Stanford team clinches top spot in robot desert race
By Reed Stevenson
PRIMM, Nevada (Reuters) – A Stanford University team won a
$2 million prize on Sunday for sending a modified Volkswagen
across 132 miles of rugged desert, guided only by sensors and
computers in a race the Pentagon hopes will lead to a
technological breakthrough in warfare.
Twenty-three driverless vehicles were sent into the Mojave
Desert on Saturday in a race sponsored by the Pentagon’s
Defense Advanced Research Projects Agency, known as DARPA.
After extending the race a day to allow a slow-moving
robotic vehicle to finish, the Stanford University vehicle,
known as Stanley, was declared the winner of the Grand
Challenge with the quickest race time of six hours and 54
minutes.
Sebastian Thrun, leader of the Stanford team, said the
victory was a win for the automobile’s future, predicting that
all cars would one day be able to drive themselves.
DARPA sponsored the race to spur development of driverless
vehicles that one day could carry water, fuel and other
supplies for the U.S. military in war zones.
In last year’s inaugural race, called the Grand Challenge,
every machine failed within sight of the starting line. The
Pentagon decided to double the prize and hold the event again
this year.
Organizers designed a more difficult course this year and
an assortment of modified Humvees, sports utility vehicles,
pickup trucks and dune buggies were sent into the mountains and
valleys in the Mojave to navigate man-made obstacles, tunnels
and a dry lake bed.
“These vehicles just haven’t achieved world records,
they’ve made history,” said DARPA director Tony Tether.
One broke down at the starting line and 17 others stopped
moving at various points on the course.
Four made it back to the finish line to complete the race
and one, a huge six-wheeled truck called TerraMax, was stopped
overnight so it could make it to the finish line.
Coming in just after Stanley were a pair of modified
Humvees built by a Carnegie Mellon University team. A modified
sports utility vehicle called GrayBot also finished just after
sunset on Saturday.
The rugged, twisting course, about 40 miles southwest of
Las Vegas on the Nevada-California border, was chosen because
of its similarity to terrain where the U.S. military is
currently most active, Iraq and the Middle East.

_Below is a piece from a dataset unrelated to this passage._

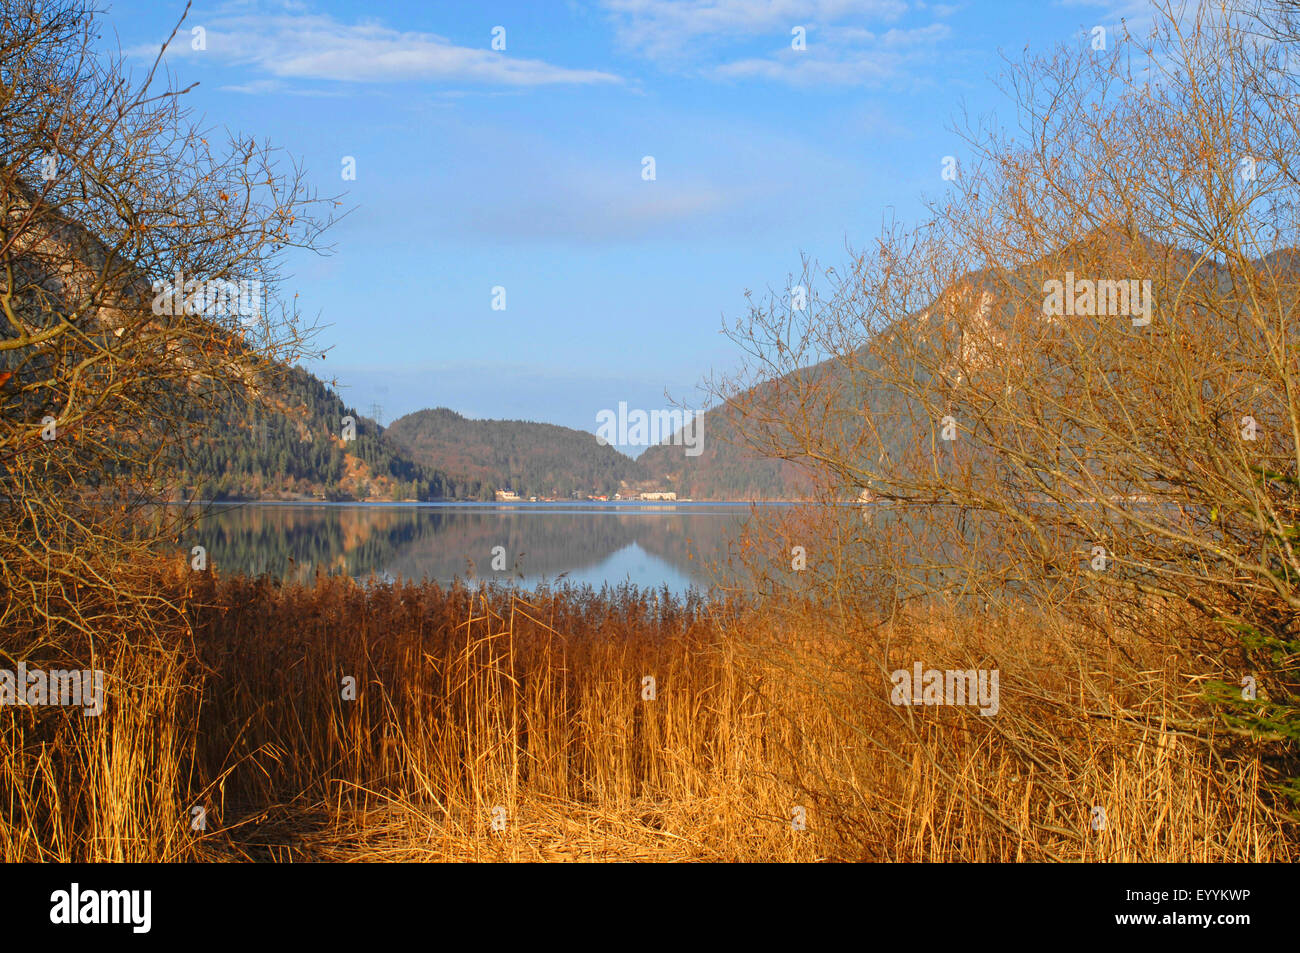 reed zone at the Zwergen peninsula at Lake Walchensee in evening light, Germany, Bavaria, Walchensee Stock Photo
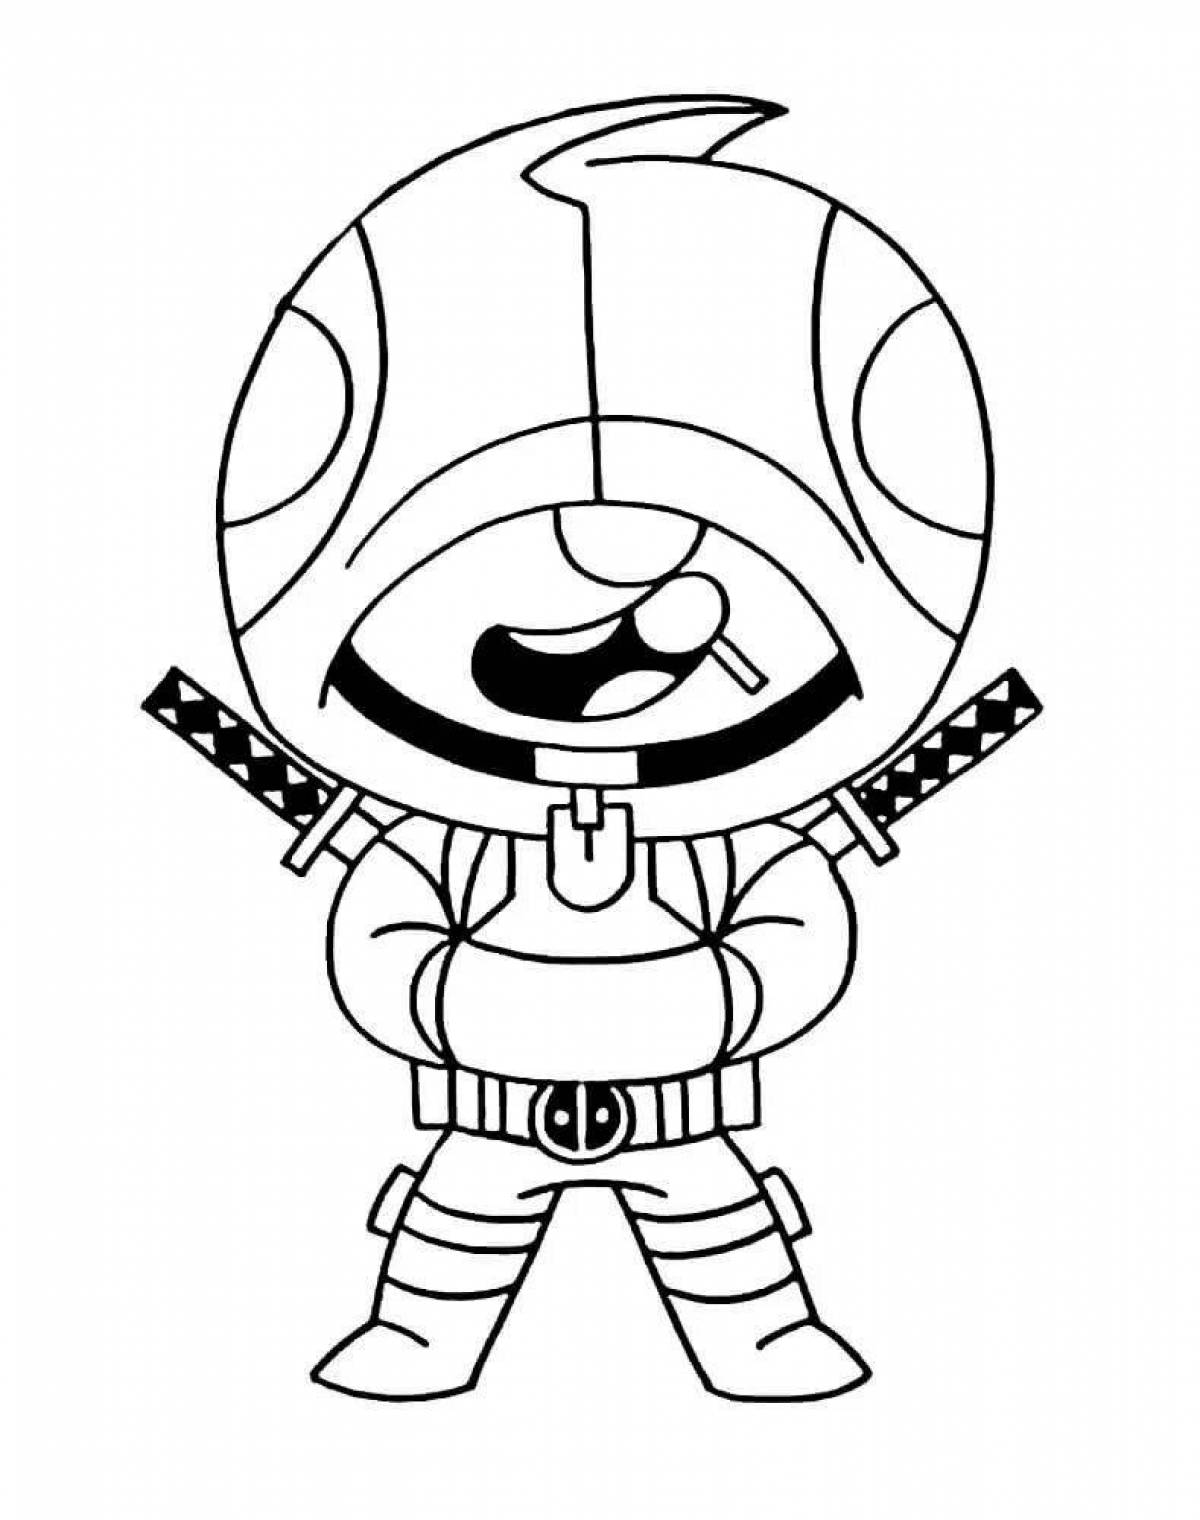 Lovely griff brawl stars coloring page

At one point, the vehicles had to climb through a steep
valley that organizers said was “reminiscent of a mountain pass
in Afghanistan.”
Using global positioning satellites and inertial
navigation, the vehicles were programmed to follow a
pre-defined course disclosed only hours before the race. Radar,
lasers and cameras mounted on the vehicles guided onboard
computers that steered the vehicles around obstacles.